## [What is needed]
The reply should match the listing below character for character, except that no image is carried over.

*** Data below Section Begins ***

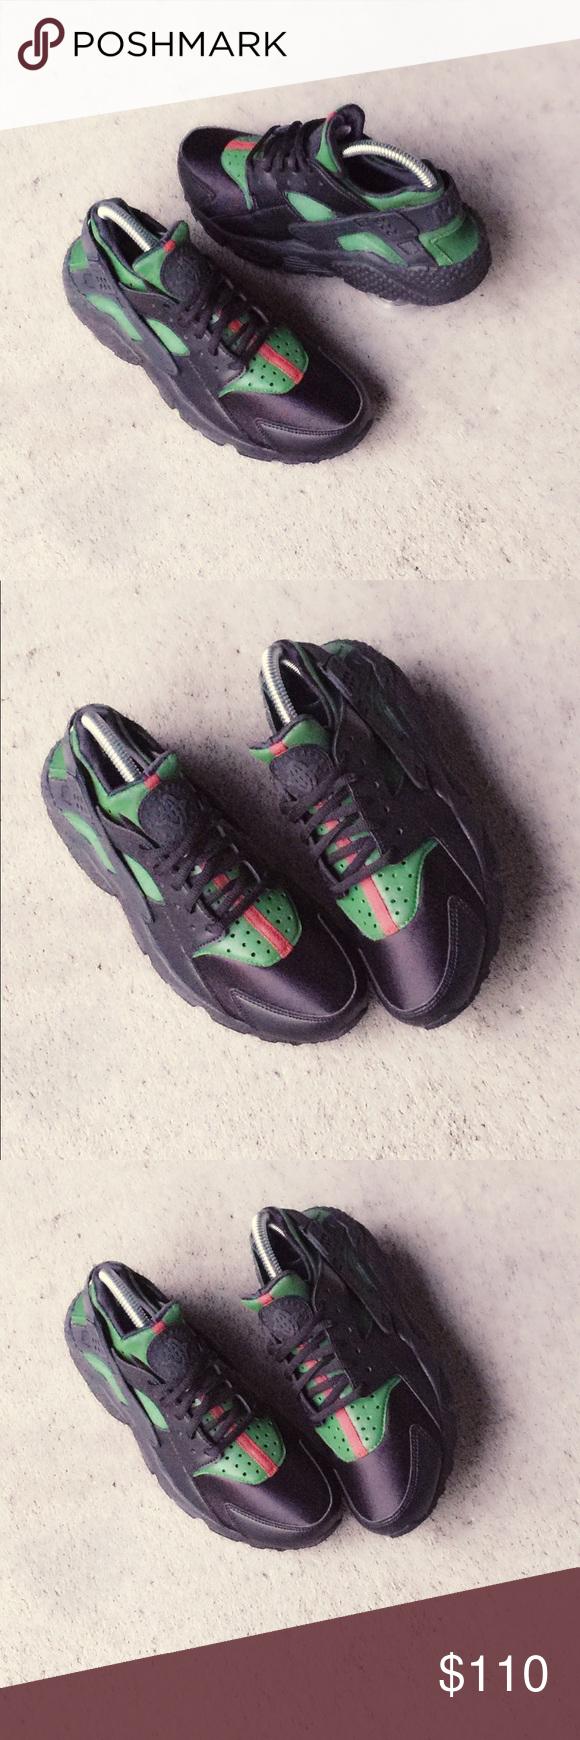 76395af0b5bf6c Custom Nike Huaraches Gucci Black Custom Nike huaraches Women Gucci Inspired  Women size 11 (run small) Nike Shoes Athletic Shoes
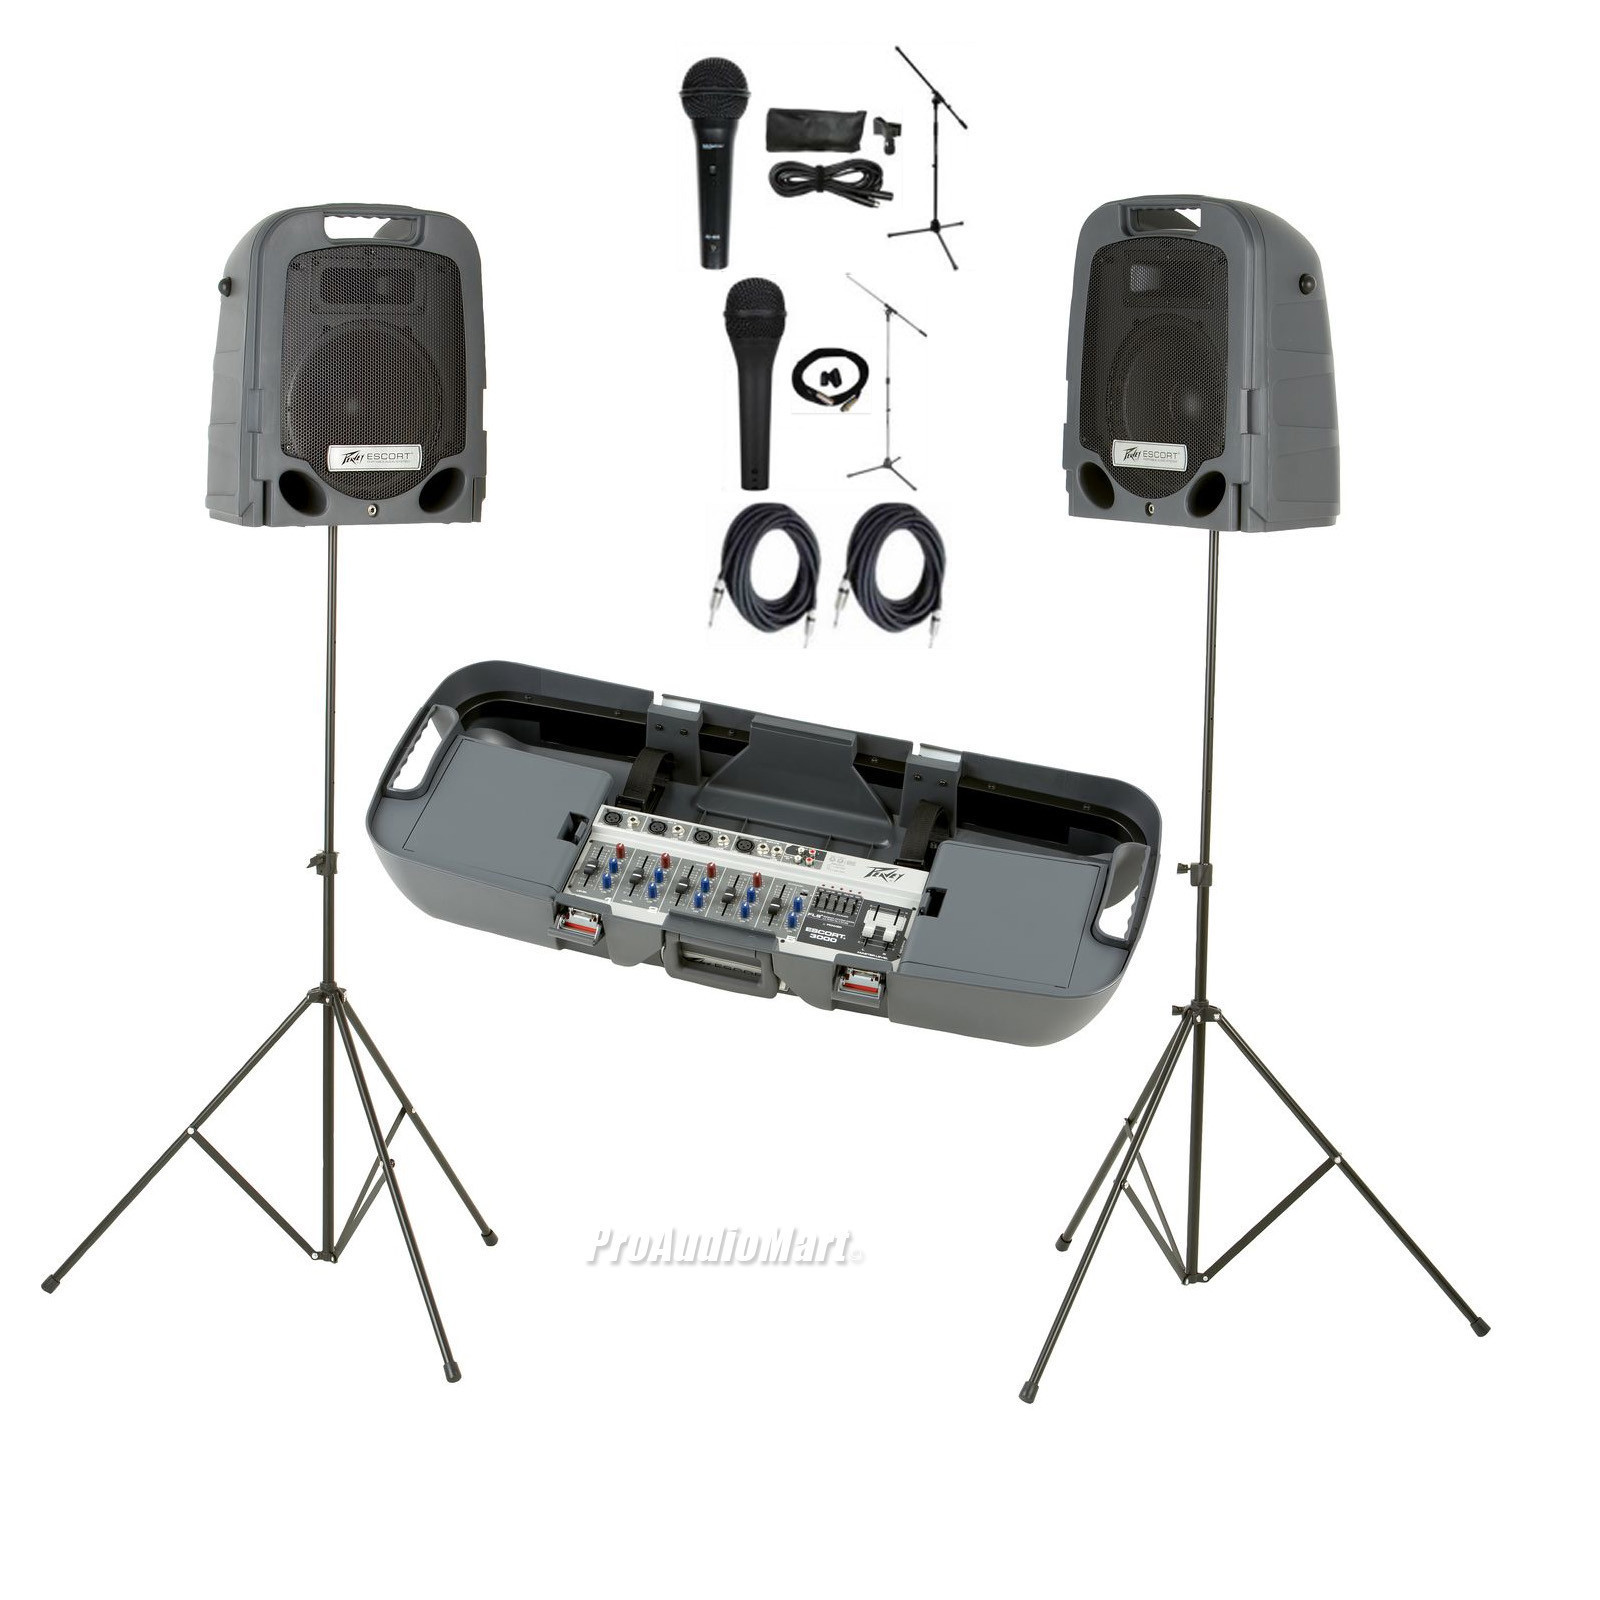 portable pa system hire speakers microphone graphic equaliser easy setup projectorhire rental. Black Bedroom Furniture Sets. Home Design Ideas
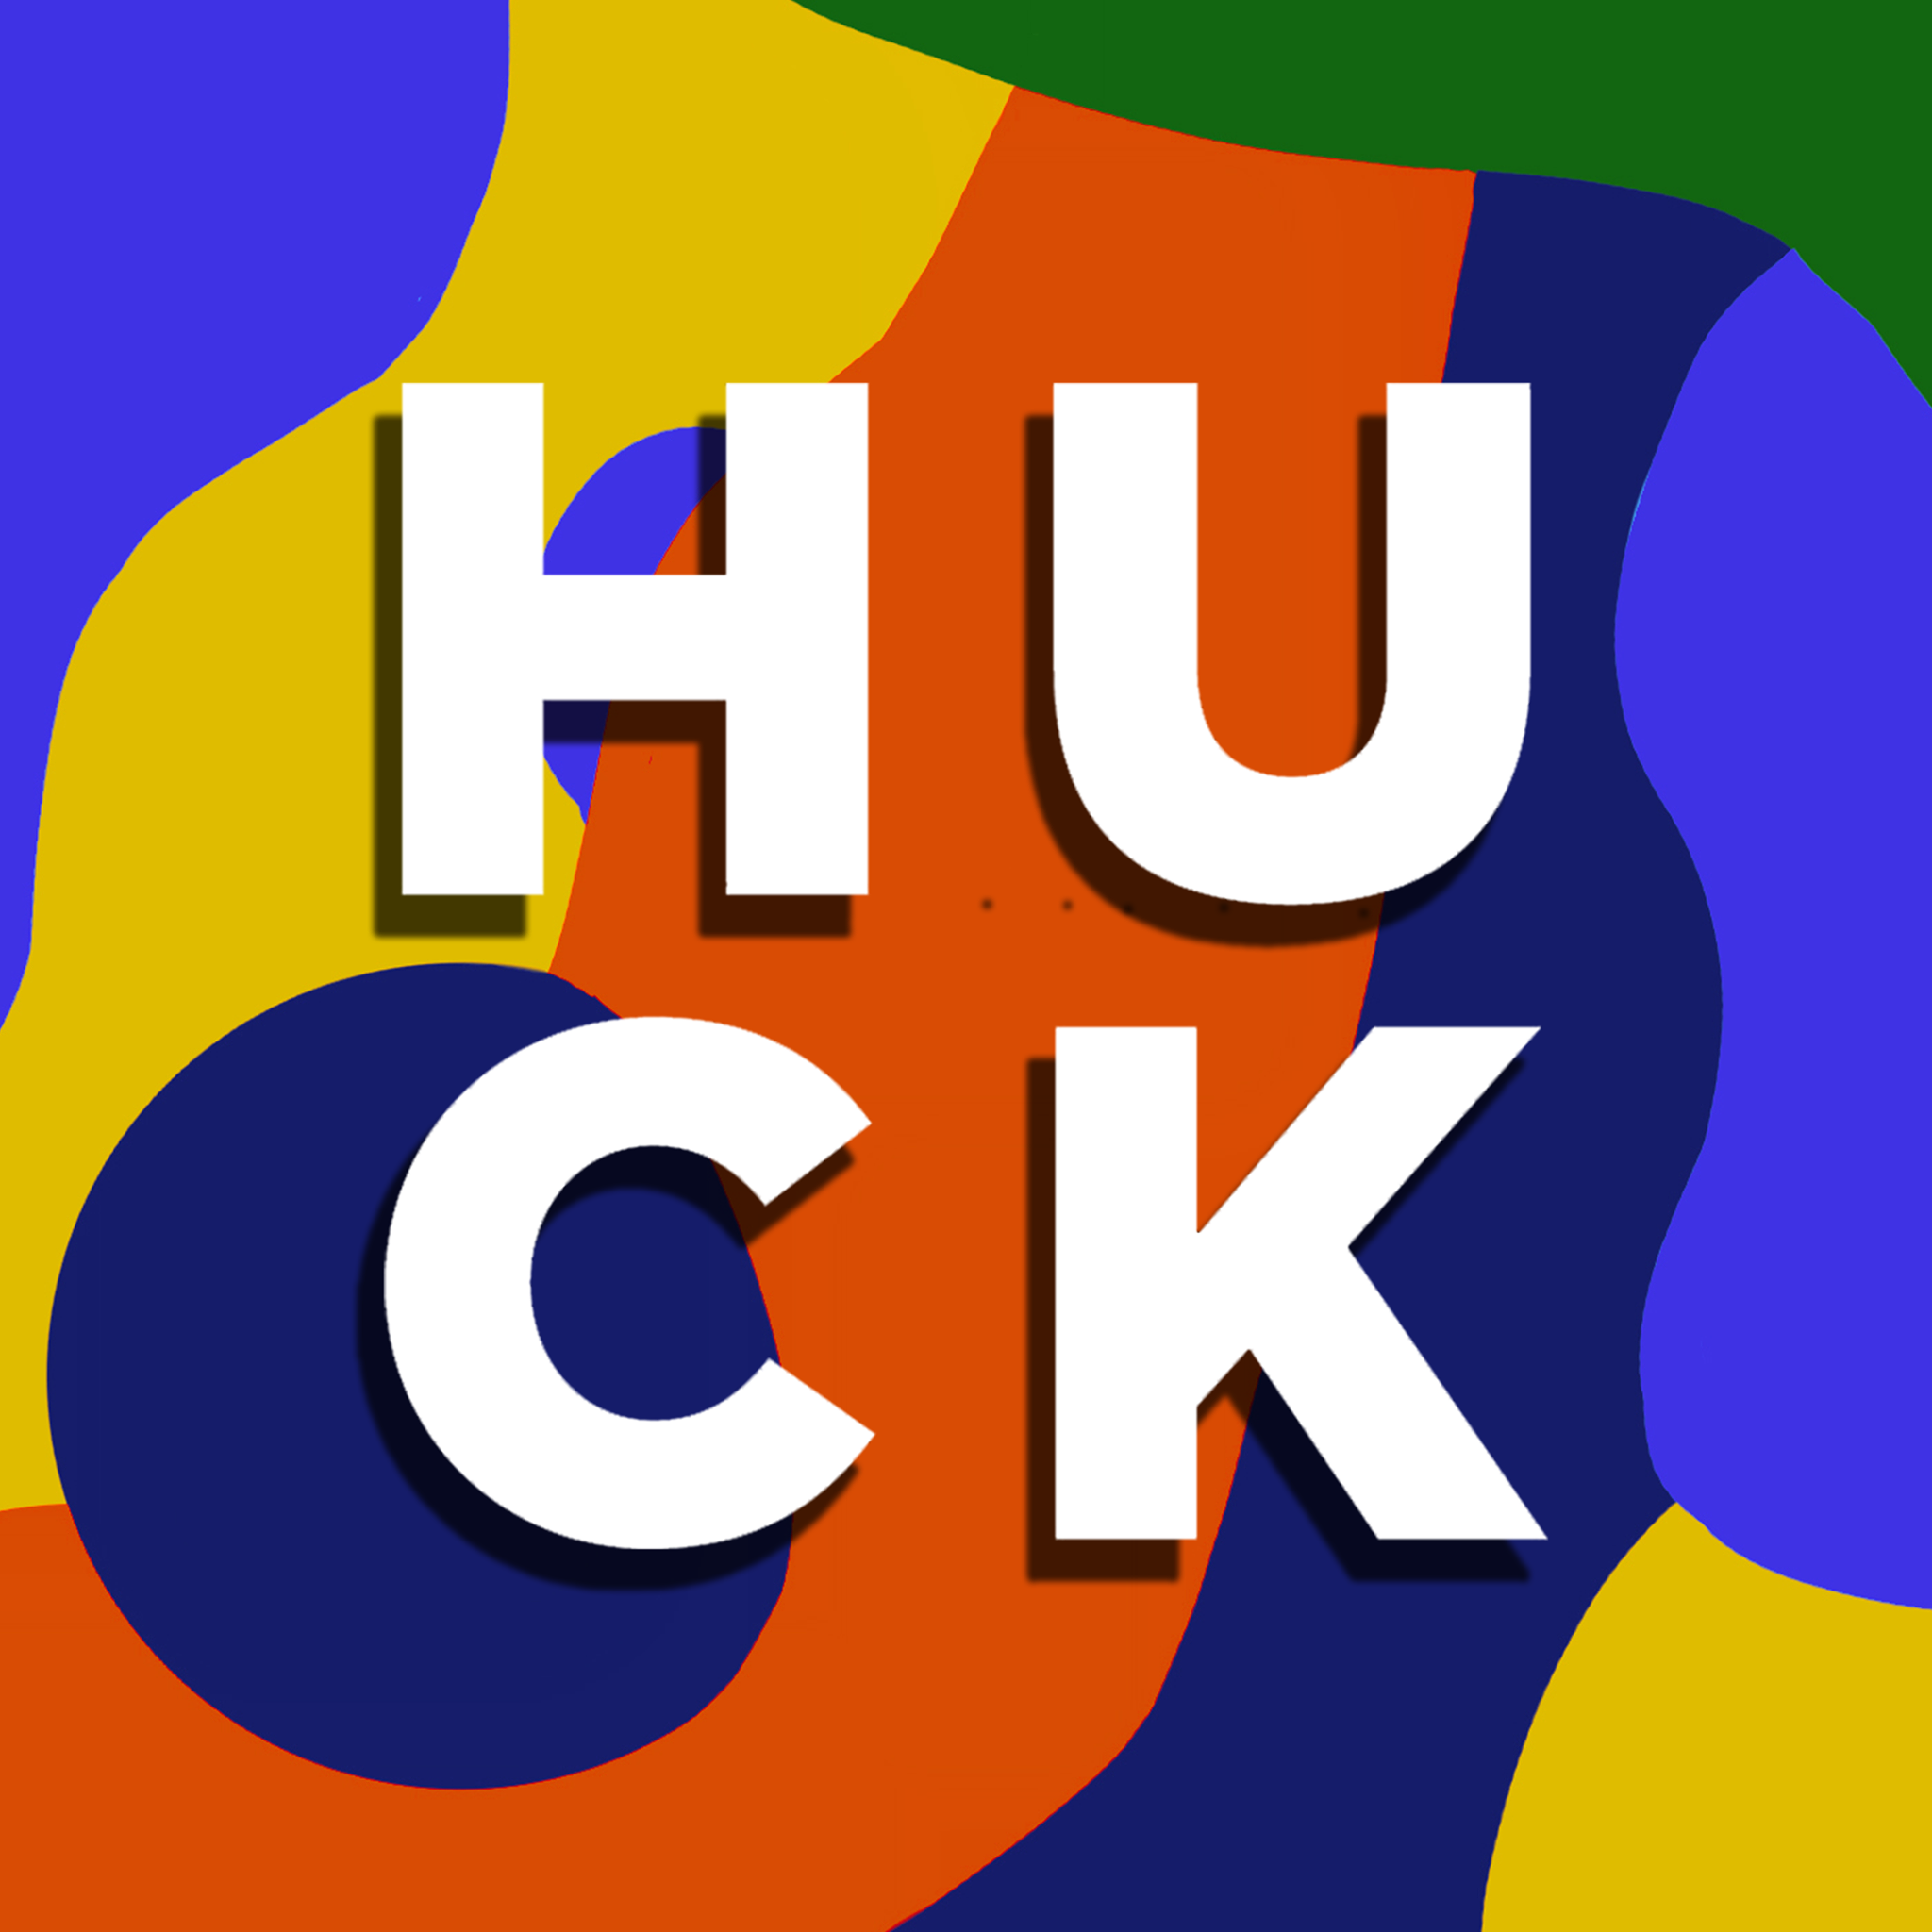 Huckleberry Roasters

*** Data below Section Ends ***

## [Task solution]
 76395af0b5bf6c Custom Nike Huaraches Gucci Black Custom Nike huaraches Women Gucci Inspired  Women size 11 (run small) Nike Shoes Athletic Shoes
 portable pa system hire speakers microphone graphic equaliser easy setup projectorhire rental. Black Bedroom Furniture Sets. Home Design Ideas
 Huckleberry Roasters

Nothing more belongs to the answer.